*** Opening of Available data ***
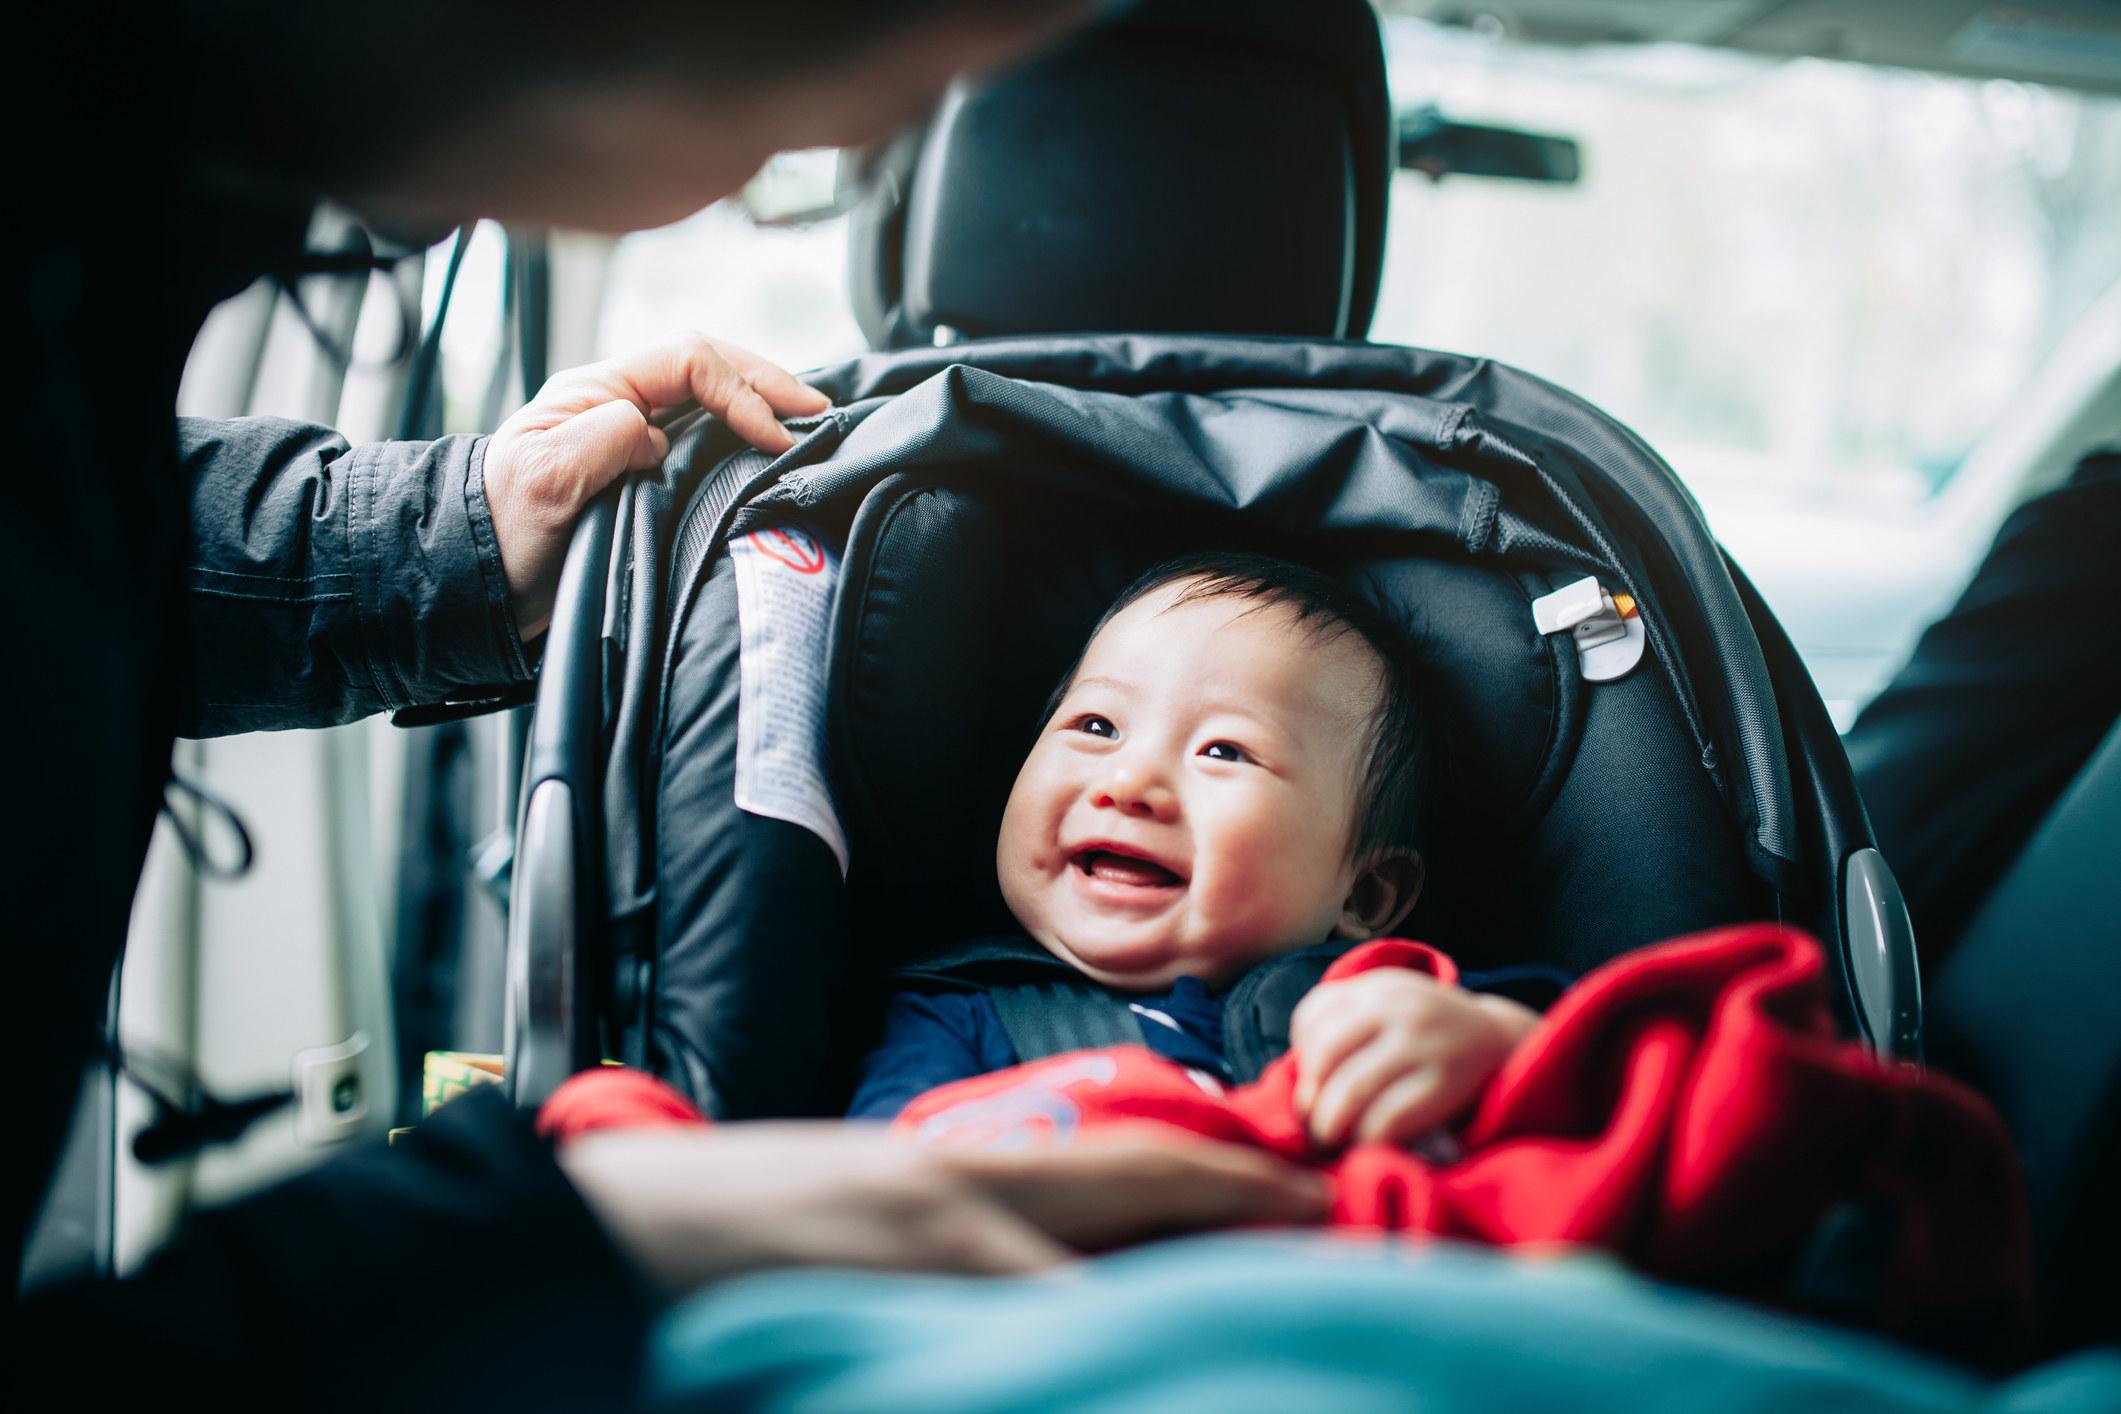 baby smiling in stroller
*** Close of Available data ***
*** Opening of Available data ***
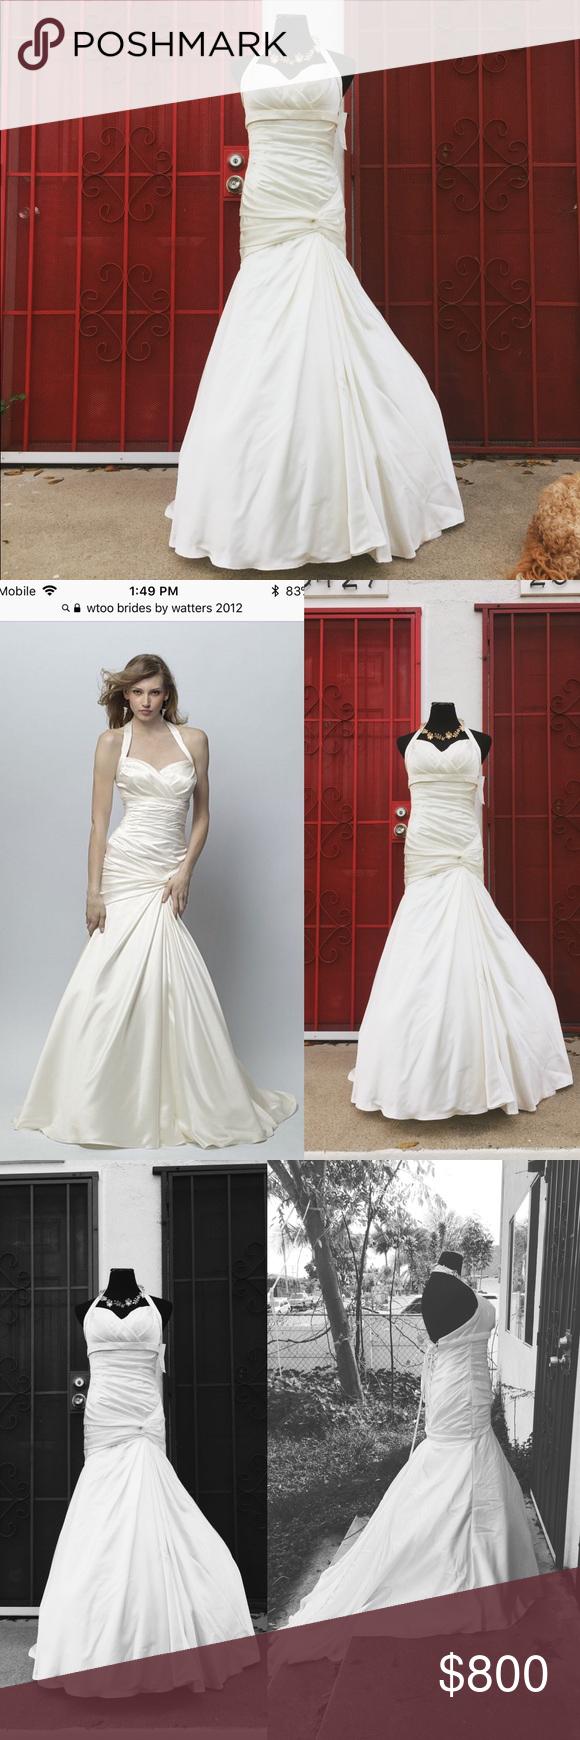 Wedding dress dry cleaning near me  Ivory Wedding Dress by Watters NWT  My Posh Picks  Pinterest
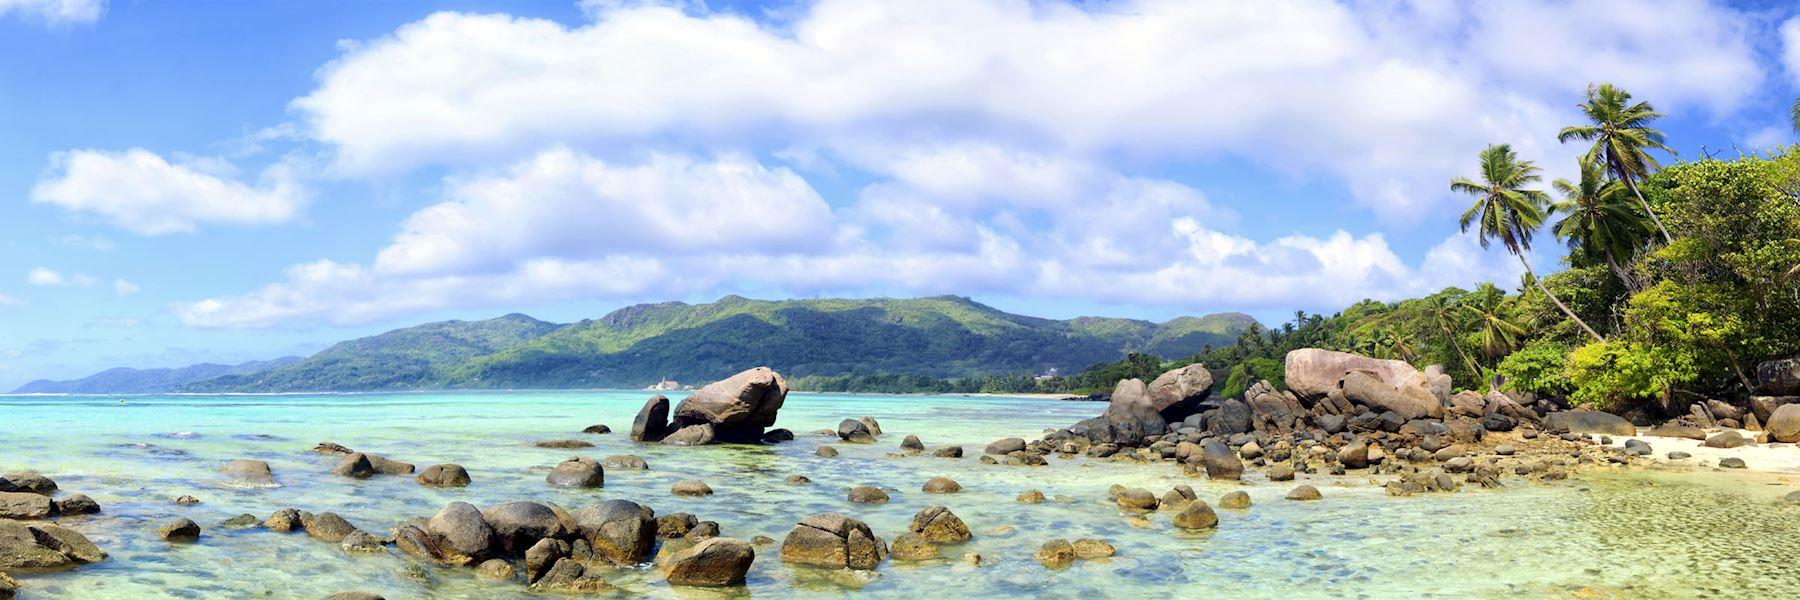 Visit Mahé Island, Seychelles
*** Close of Available data ***
*** Opening of Available data ***
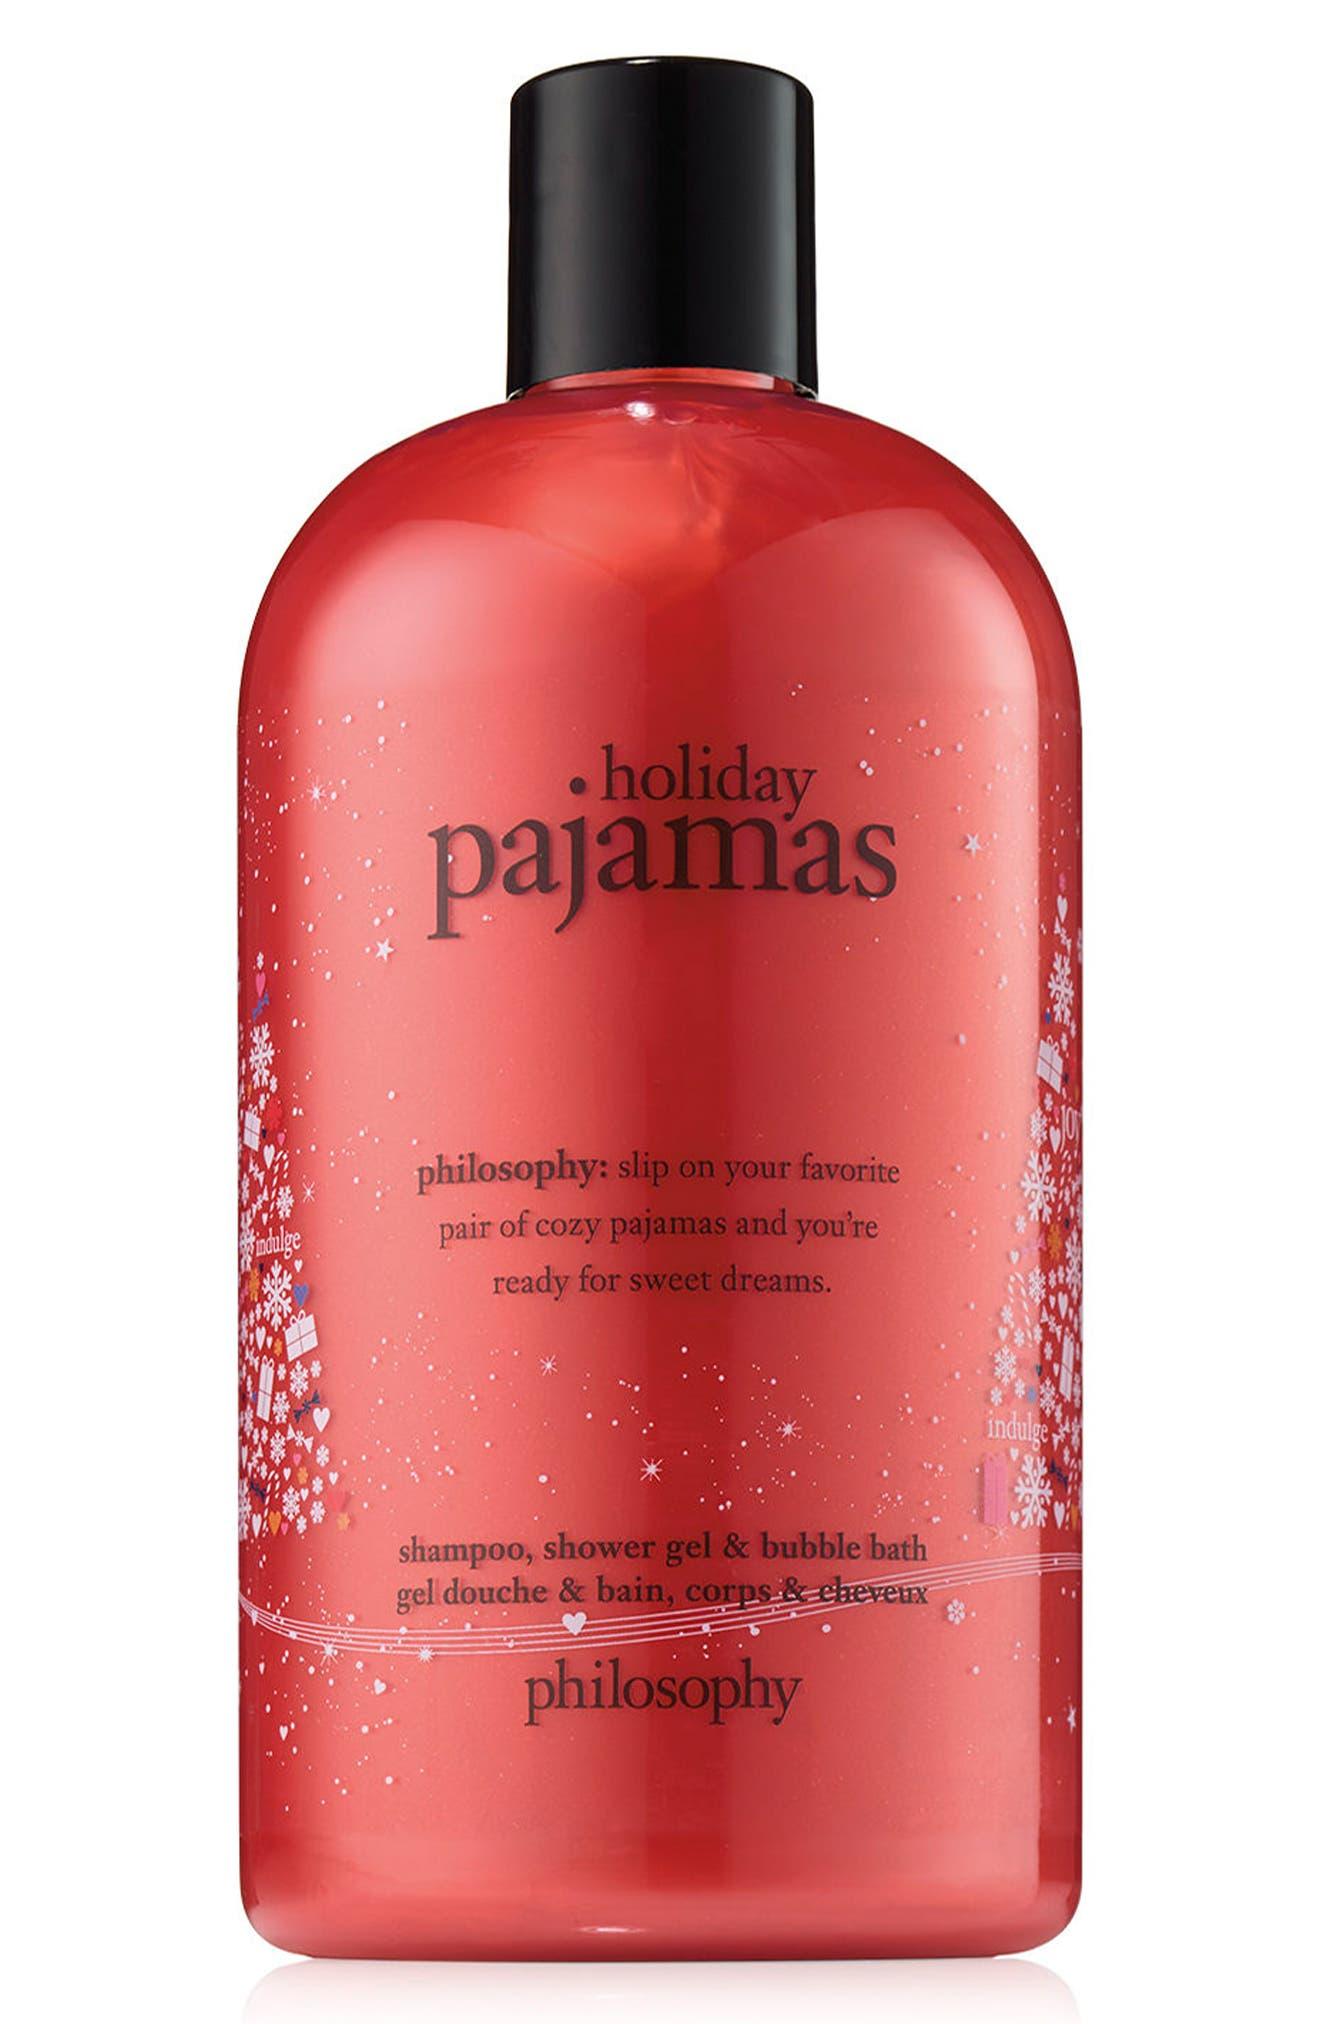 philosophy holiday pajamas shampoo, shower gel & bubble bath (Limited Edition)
*** Close of Available data ***
Task: The output is the stretch above from the line with "Wedding dress dry" through the line with "Visit Mahé Island, Seychelles", copied word for word with both ends kept and every picture dropped.

Task solution:
 Wedding dress dry cleaning near me  Ivory Wedding Dress by Watters NWT  My Posh Picks  Pinterest
 Visit Mahé Island, Seychelles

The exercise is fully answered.